Она обхватывает нас руками за плечи, мы поднимаемся медленно и медленно поднимаем ее, и вот уже стоим, выпрямившись, и руки наши переплетены, мы образуем самодельное, неуклюжее существо о трех головах, и существо это начинает осторожное, размеренное движение. Мы удаляемся от кресла — шаг, еще полшага, — и я стараюсь не смотреть вниз, но все-таки вижу безвольно висящие ноги девушки, и временами носки ее ботинок утыкаются в пол, как бы протестуя и порываясь идти самостоятельно, и мне кажется, она шагнет сейчас, стоит только попытаться — ну, попробуй же! — но нет, ботинки оскальзываются, волочатся по полу, будто их за веревочку тащат, и мы подхватываем девушку, подымаем выше — шаг, еще полшага, — поворачиваемся, боком протискиваемся в дверь, боком проходим прихожую, переступаем порог и останавливаемся на лестничной площадке.
Спускаемся, тоже размеренно и осторожно.
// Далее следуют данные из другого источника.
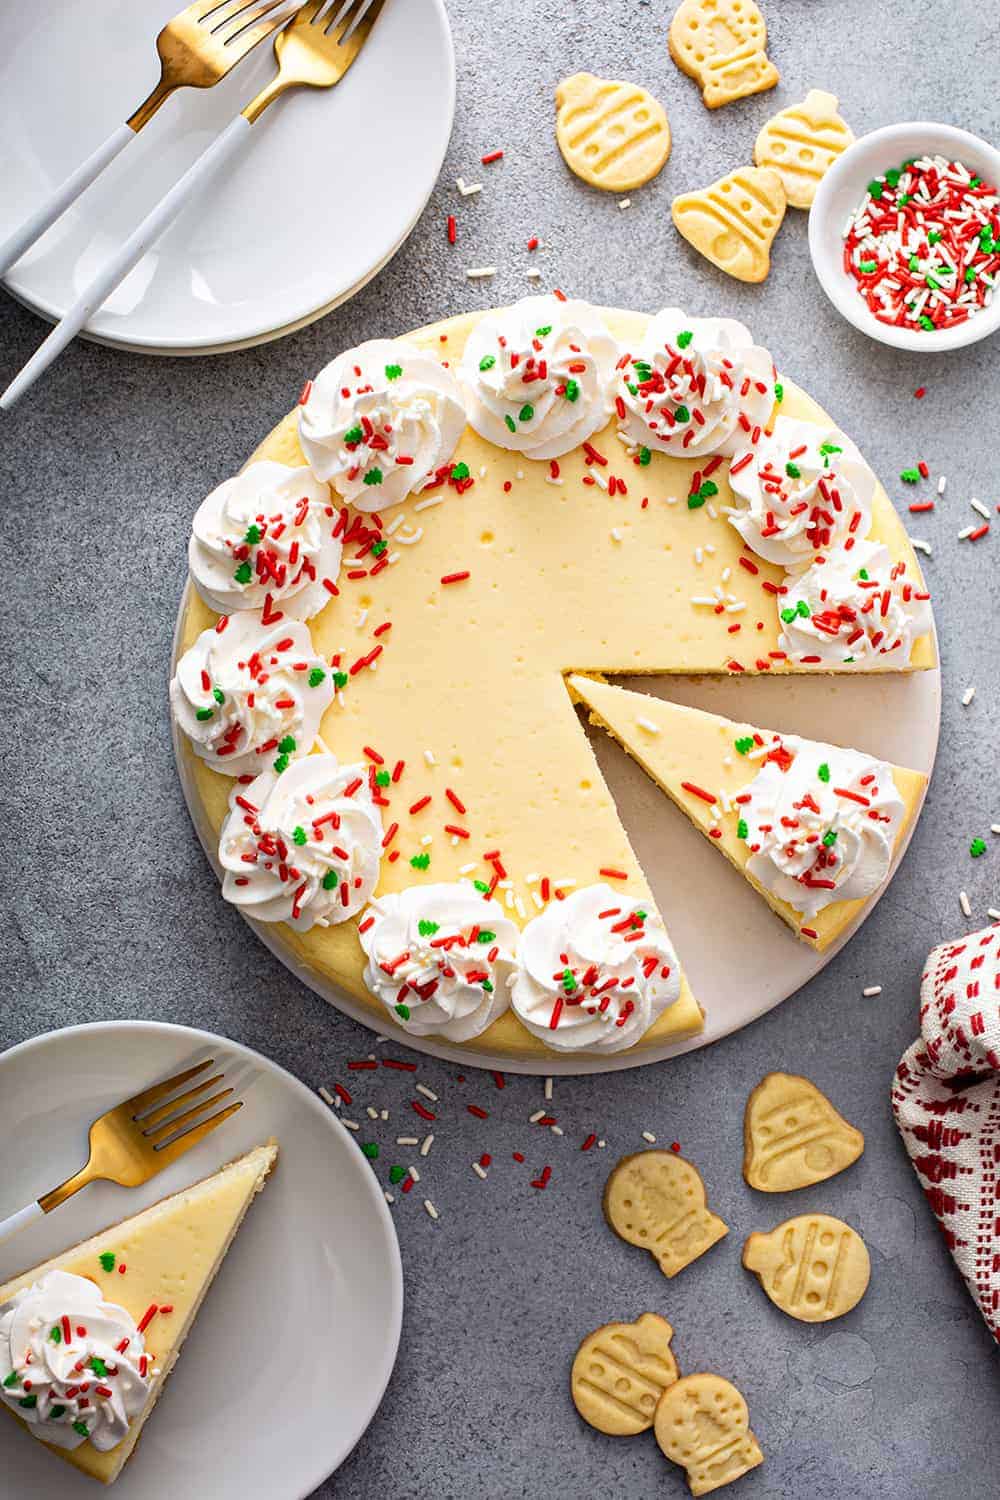 https://www.mybakingaddiction.com/wp-content/uploads/2015/12/sliced-sugar-cookie-cheesecake.jpg
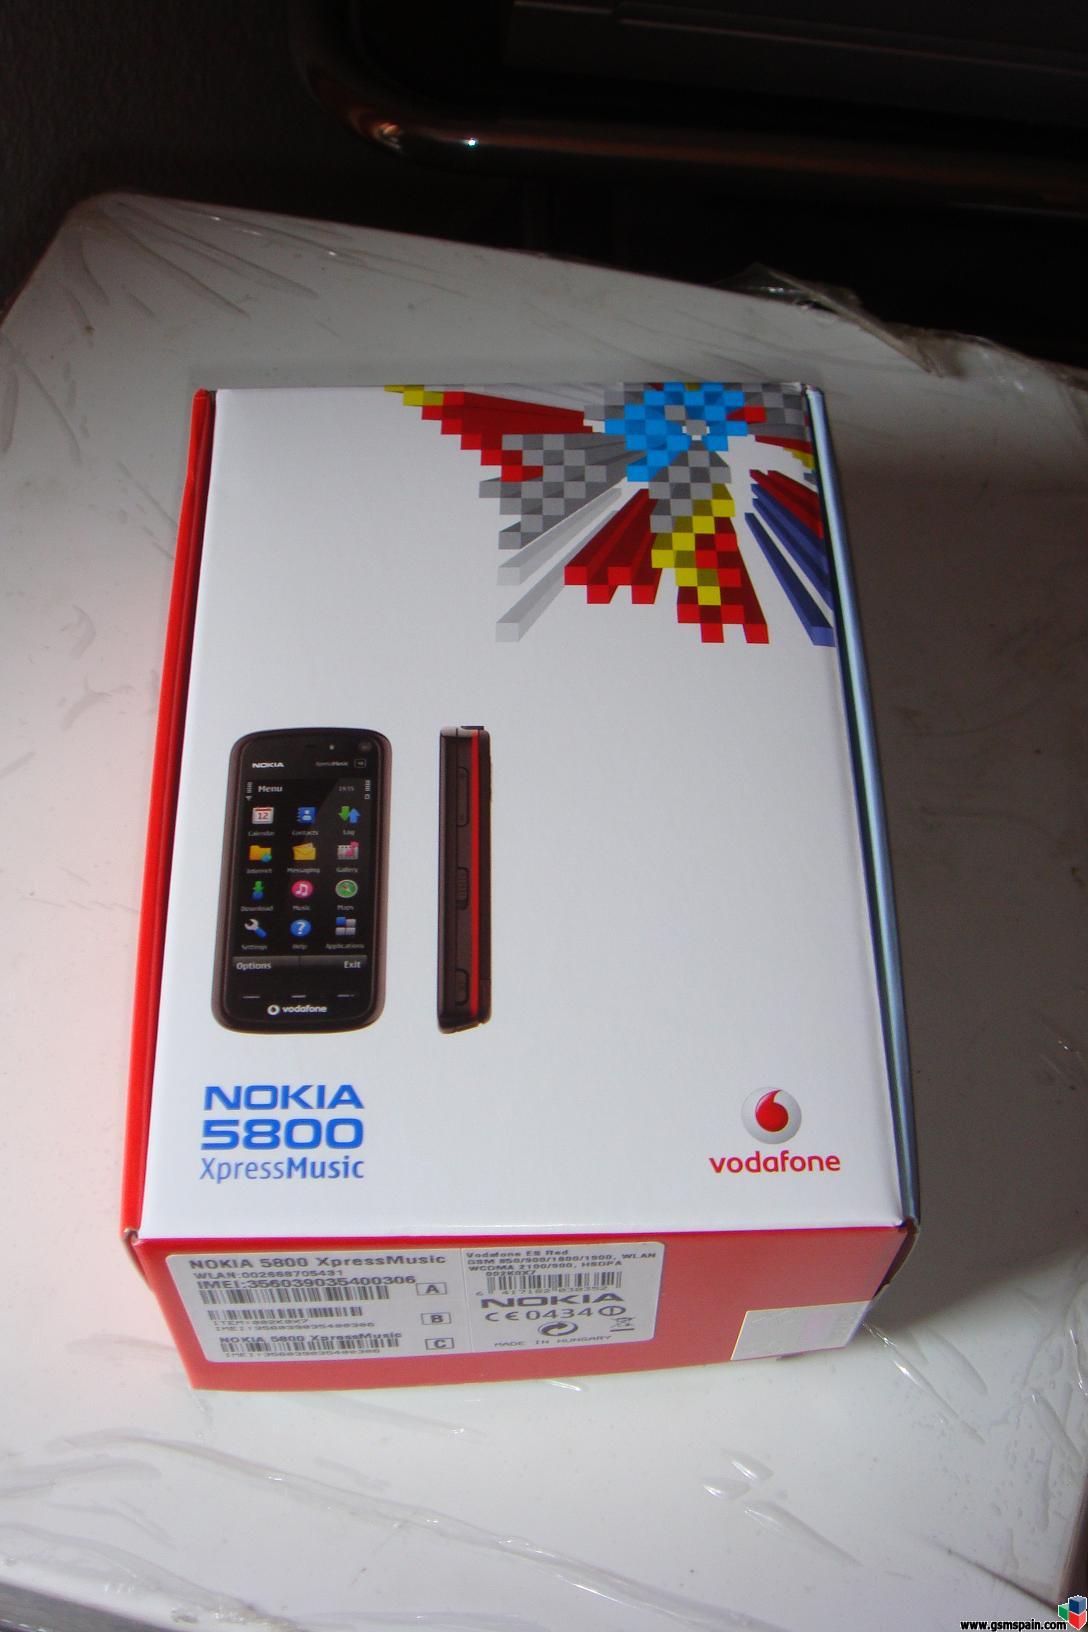 Nokia 5800 precintado, a estrenar. Vodafone

Лестница узковата для троих, и я прижимаюсь боком к перилам, а женщина то и дело цепляется плечом за стену, и мы одолеваем первый пролет и переходим ко второму, и ботинки девушки соскакивают со ступеньки на ступеньку, падают с глухим стуком, словно печатью удостоверяя каждый наш шаг. Я слышу частое дыхание женщины и, покосившись) вижу капельки пота на ее переносице и на верхней губе, а ботинки стучат, отсчитывая шаги, и стук этот, размноженный эхом, разносится по этажам, возвращается, сопровождает нас, и женщина ртом хватает воздух и выдыхает со свистом, и, отчаявшись, я чуть ли не выкрикиваю в ухо девушке:
— Дайте-ка я понесу вас на руках. Вы не против?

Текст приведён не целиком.